For general environmental ranking information on Pennsylvania, see our Pennsylvania: #1 In All The Wrong Things page.
  • Pennsylvania is the nation's largest exporter of electricity, suffering disproportionate environmental damage by generating far more power than the state consumes.[1] Pennsylvania is third behind Texas and Florida in electricity production.[2]
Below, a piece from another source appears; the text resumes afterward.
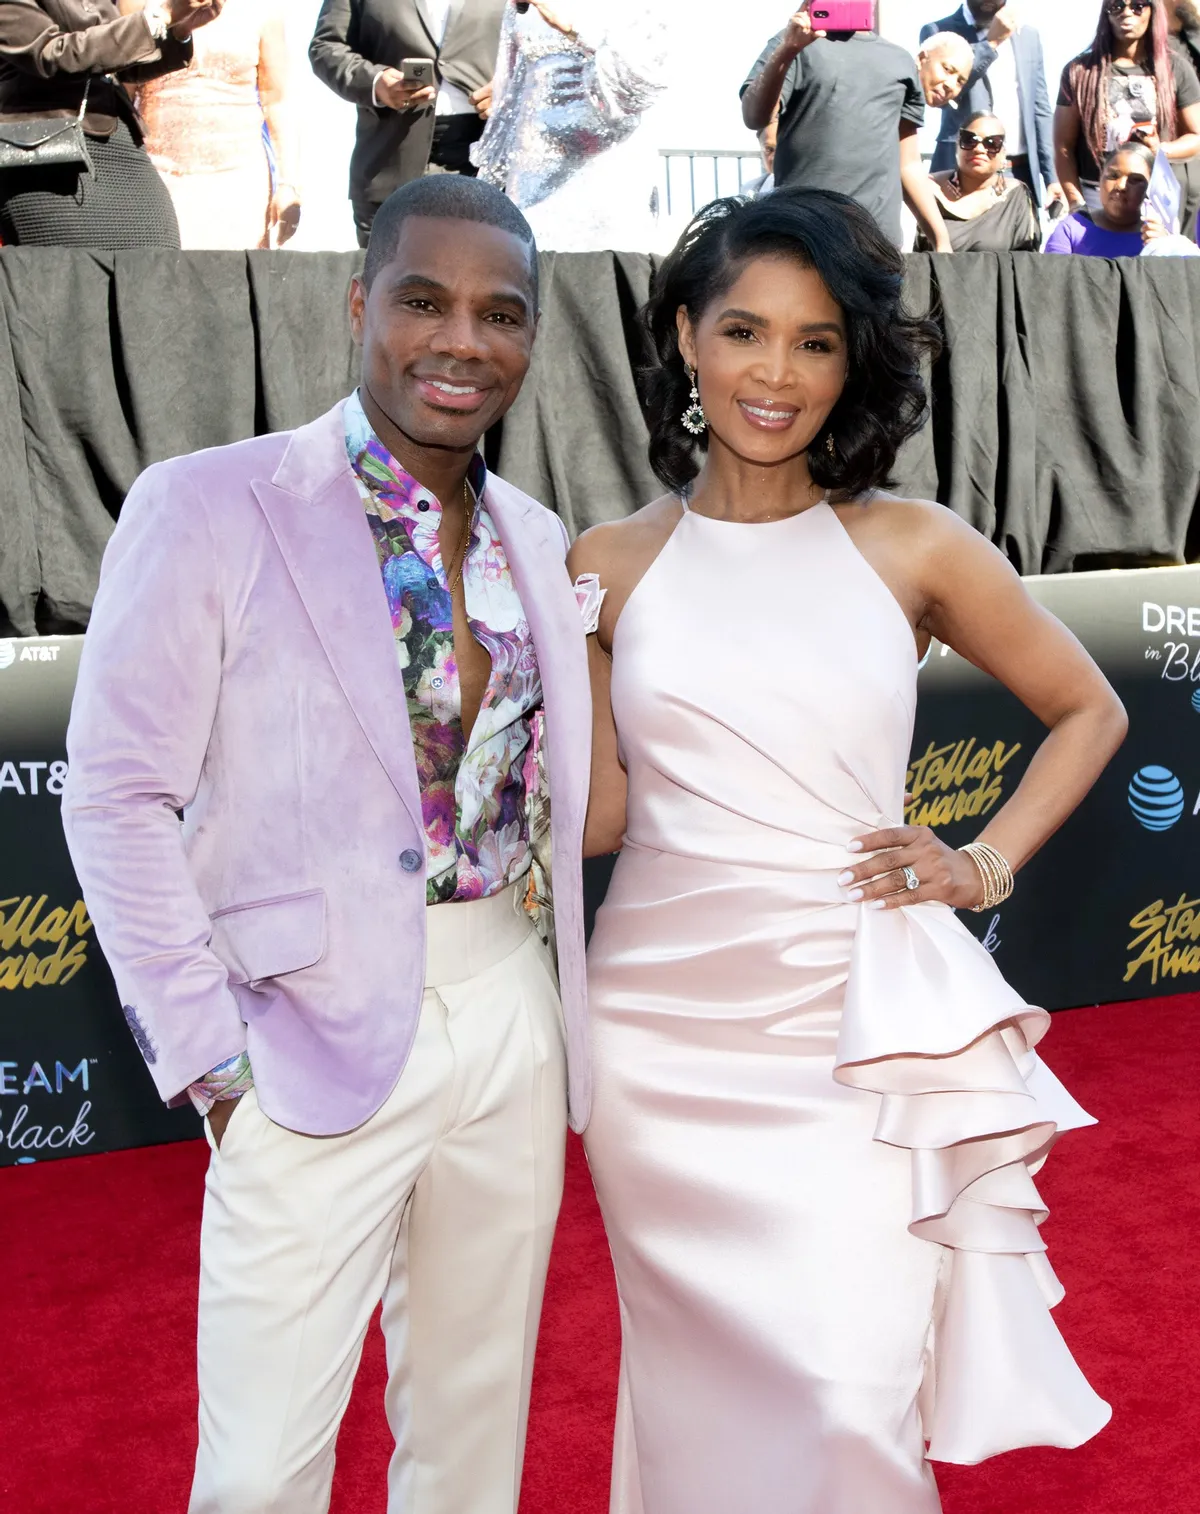 Kirk Franklin and his wife Tammy Collins at the 34th annual Stellar Gospel Music Awards on March 29, 2019 in Las Vegas, Nevada. | Photo: Getty Images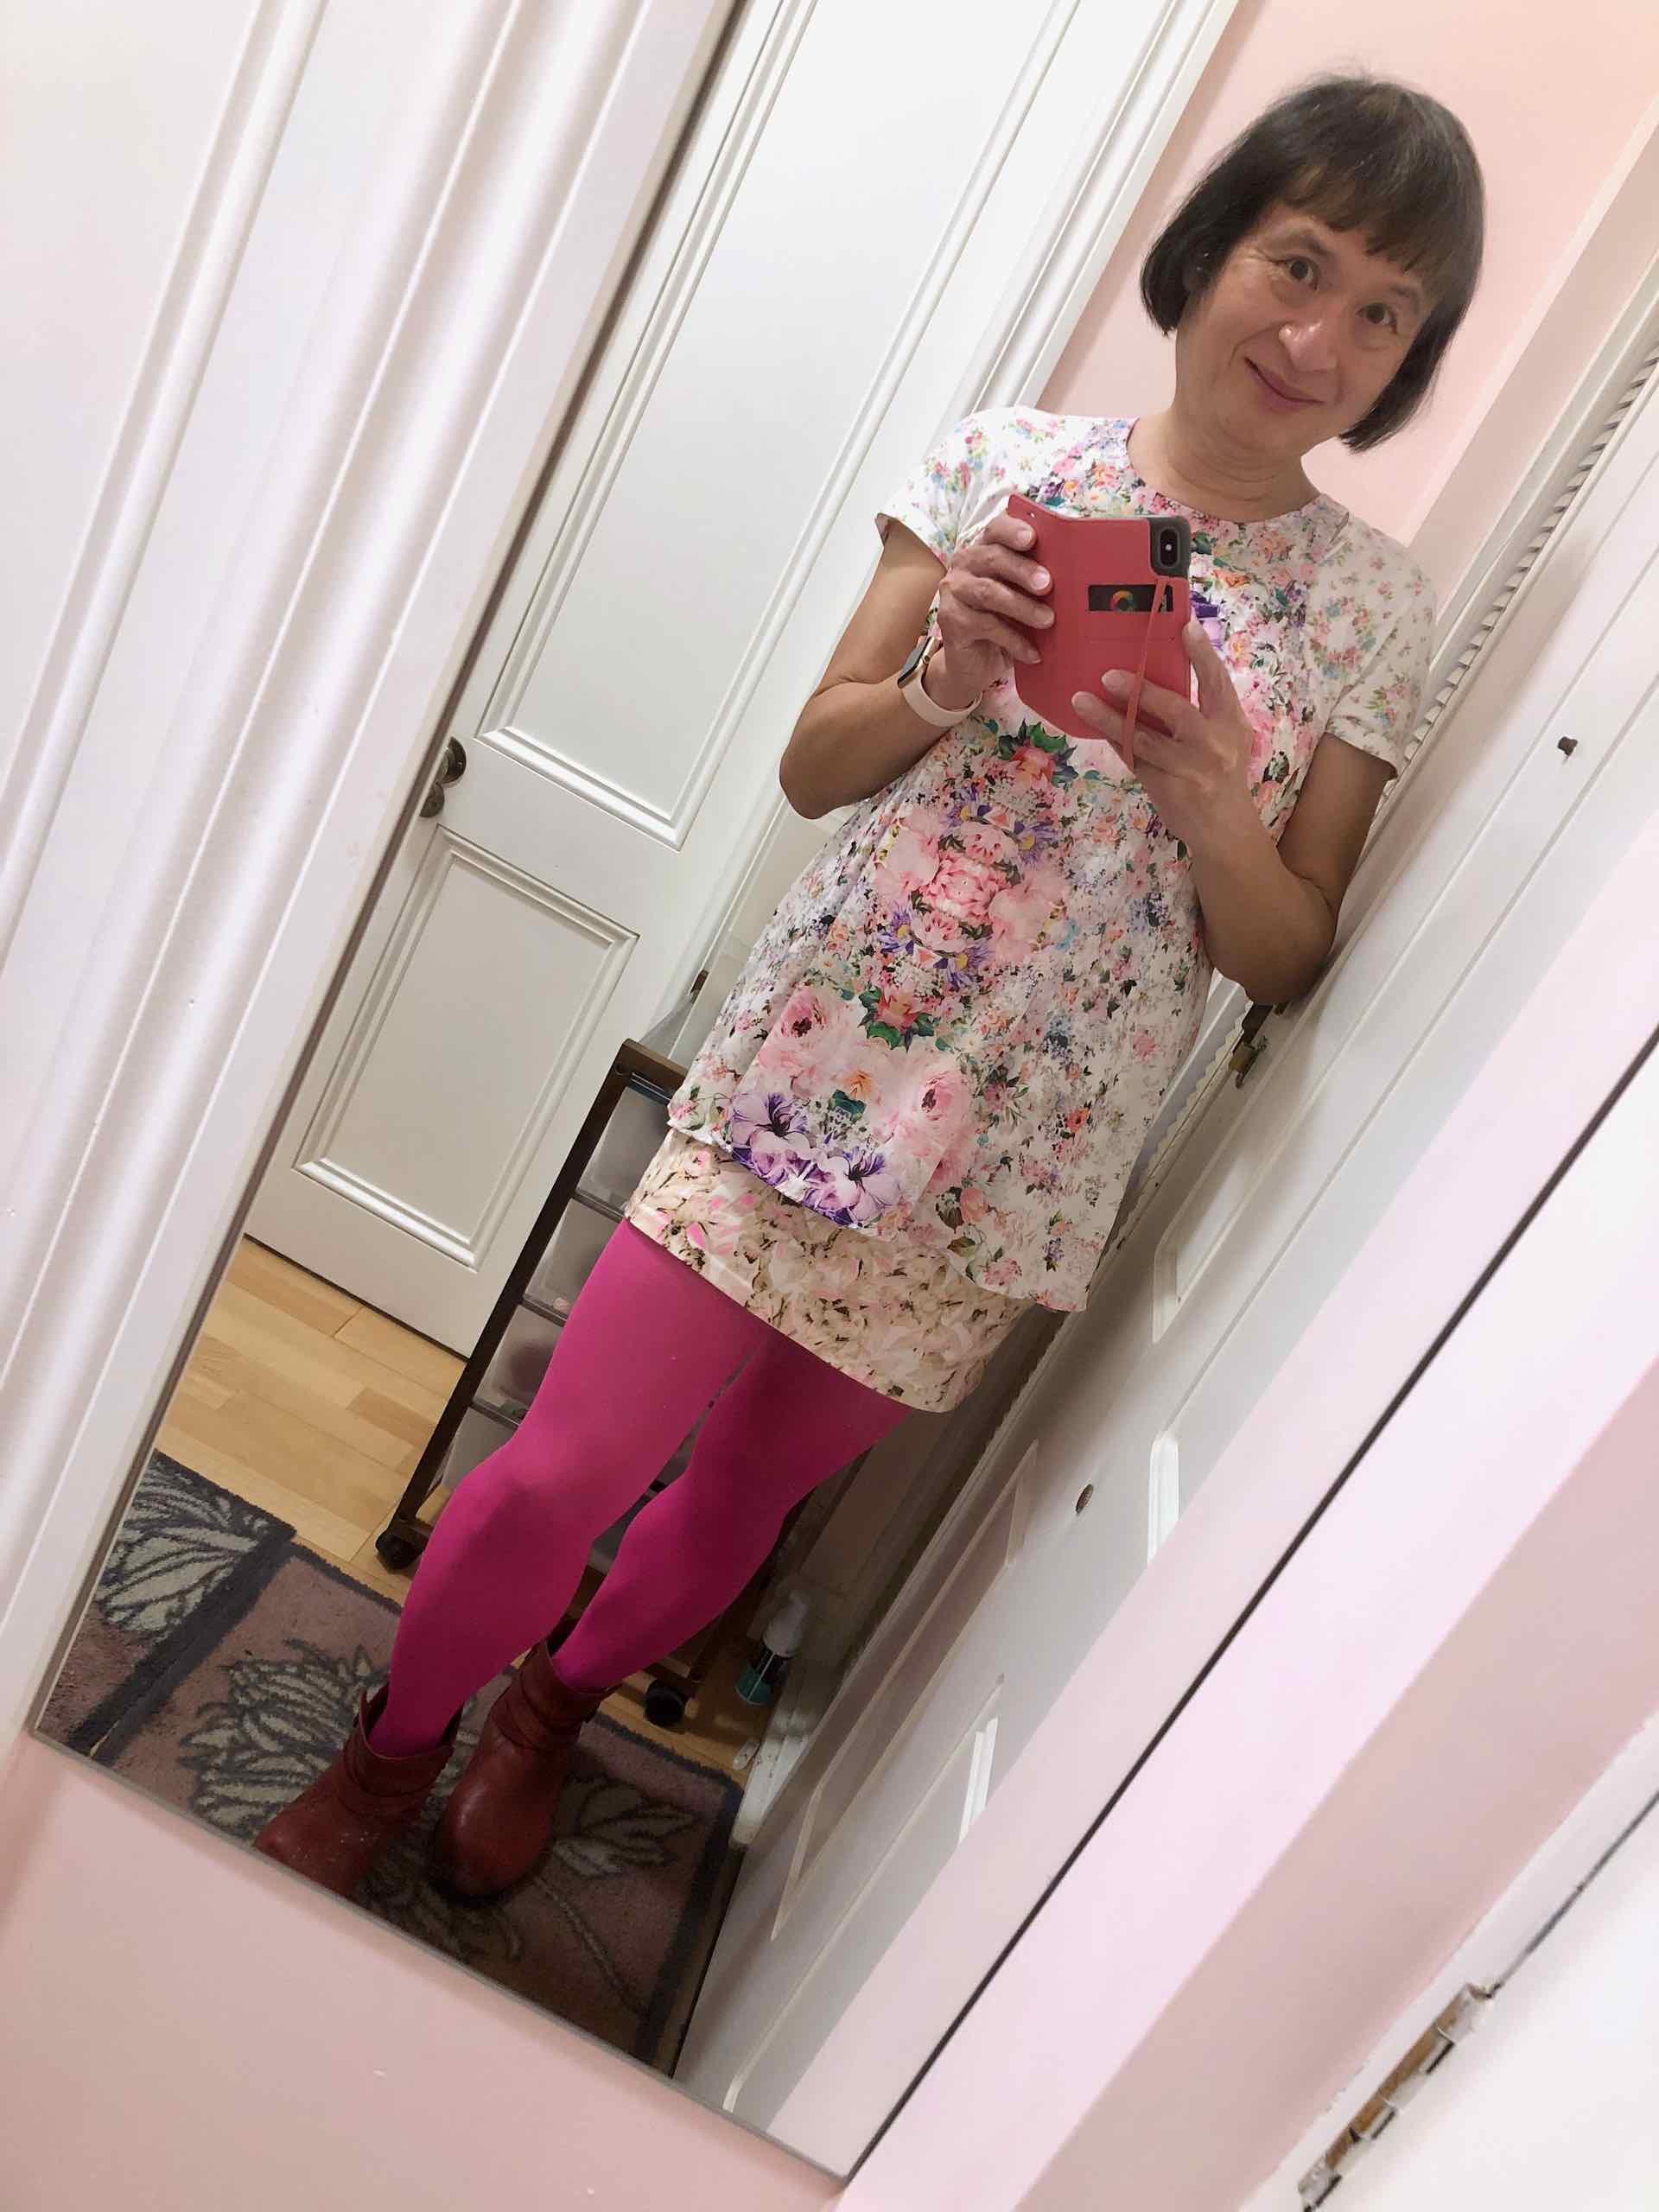 Flower patterned outfit featured image

  • The U.S. nuclear power, coal and oil industries all got their start in Pennsylvania, leaving behind a legacy of damage. [3]

Nuclear Power

  • The first commercial nuclear power plant in the world began operating in Shippingport, PA, on December 2, 1957. [4]
  • The worst commercial nuclear accident in U.S. history was the meltdown at Three Mile Island's Unit 2 near Harrisburg, PA in 1979.[5]
  • Pennsylvania has the 2nd highest number of commercial nuclear reactors in the country (11 total: 9 operating, 1 shut down, 1 melted down), following Illinois.[6] Consequently, Pennsylvania is #2 in generation of electricity from nuclear power [7] and is one of the top states in the generation of nuclear waste.[8]
  • The highest levels of Strontium-90 (a radioactive pollutant released from operating nuclear reactors) found in baby teeth has been found in southeastern Pennsylvania - an area surrounded by several nuclear reactors.[9]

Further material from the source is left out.